Tag Archives: 2009

NYC homicides on pace to set record-low number

Crime continues to fall in New York City, the mayor and the commissioner of the NYPD said this month, and they boasted about how New York is still the safest big city in the country, according to new data from the FBI’s Crime in the United States, the Uniform Crime Report from 2008.

Criminologists often say that the murder rate is the best indicator when forecasting overall crime. If this is the case, then New York City is doing quite well this year (that is, if you can ever say that when you’re talking about murders). The city is on pace in to hit a record-low number of homicides in 2009—while the number stood at 325 as of Sept. 18, the NYPD projects it will rise to 457 by year’s end. While still a lot, the number is the lowest in nearly 50 years since the police department began keeping the data in 1962. The previous low was 497 in 2007.

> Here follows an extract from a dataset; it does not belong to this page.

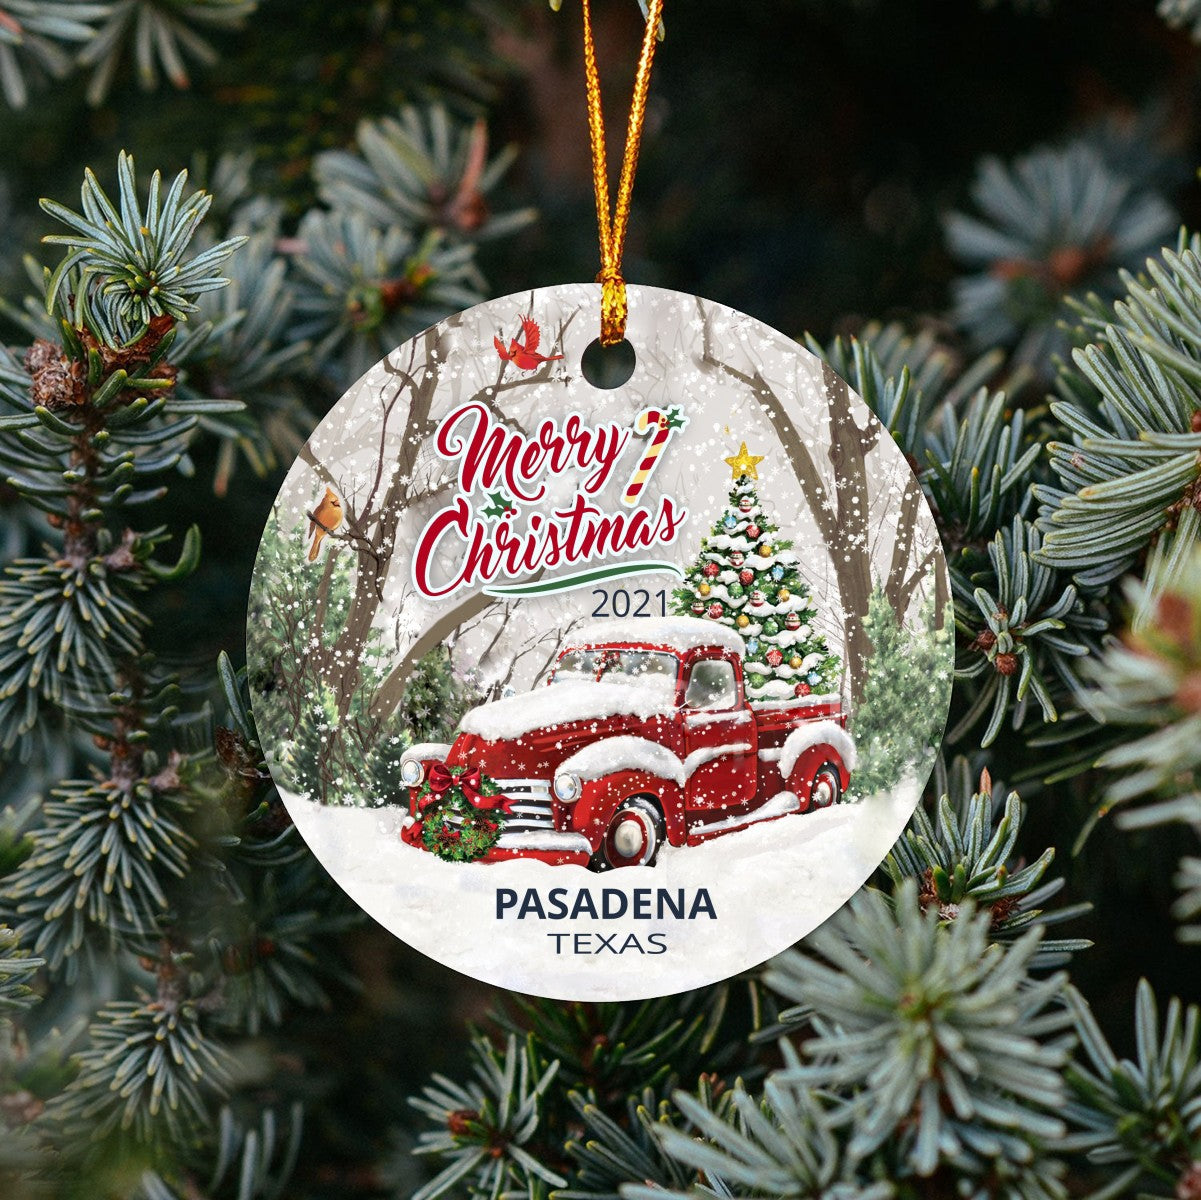 Christmas Tree Ornaments Pasadena - Ornament Customize With Name City And State Pasadena Texas TX - Red Truck Xmas Ornaments 3'' Plastic Gift For Family, Friend And Housewarming

The high was in 1990, at the height of the crack cocaine epidemic, when there were 2,245 homicides. That year was also in the midst of a hard-hitting economic downturn in the city, and unemployment was on the rise. Perhaps that’s why some criminologists are thankful about this year’s numbers, but still nervous about what is to come. The city is again in a recession in 2009 and unemployment jumped to 10.3 percent last month, hitting double digits for the first time in 16 years. The unemployment rate is not expected to hit its peak for at least another year.

One also begins to wonder about crime statistics kept by the city—especially in a year when the mayor is up for re-election.

While we should all be happy about crime being lower, it is interesting to note that the NYPD’s rate of the number of homicides solved in a year, compared to number of murders in that year, stands at about 70 percent, which is the same as it was about 15 years ago. So can the mayor and the NYPD really take so much credit? (Not to make light of this all, but I’m assuming that topping the list of unsolved homicides is the very first murder recorded in New York City from 400 years ago.)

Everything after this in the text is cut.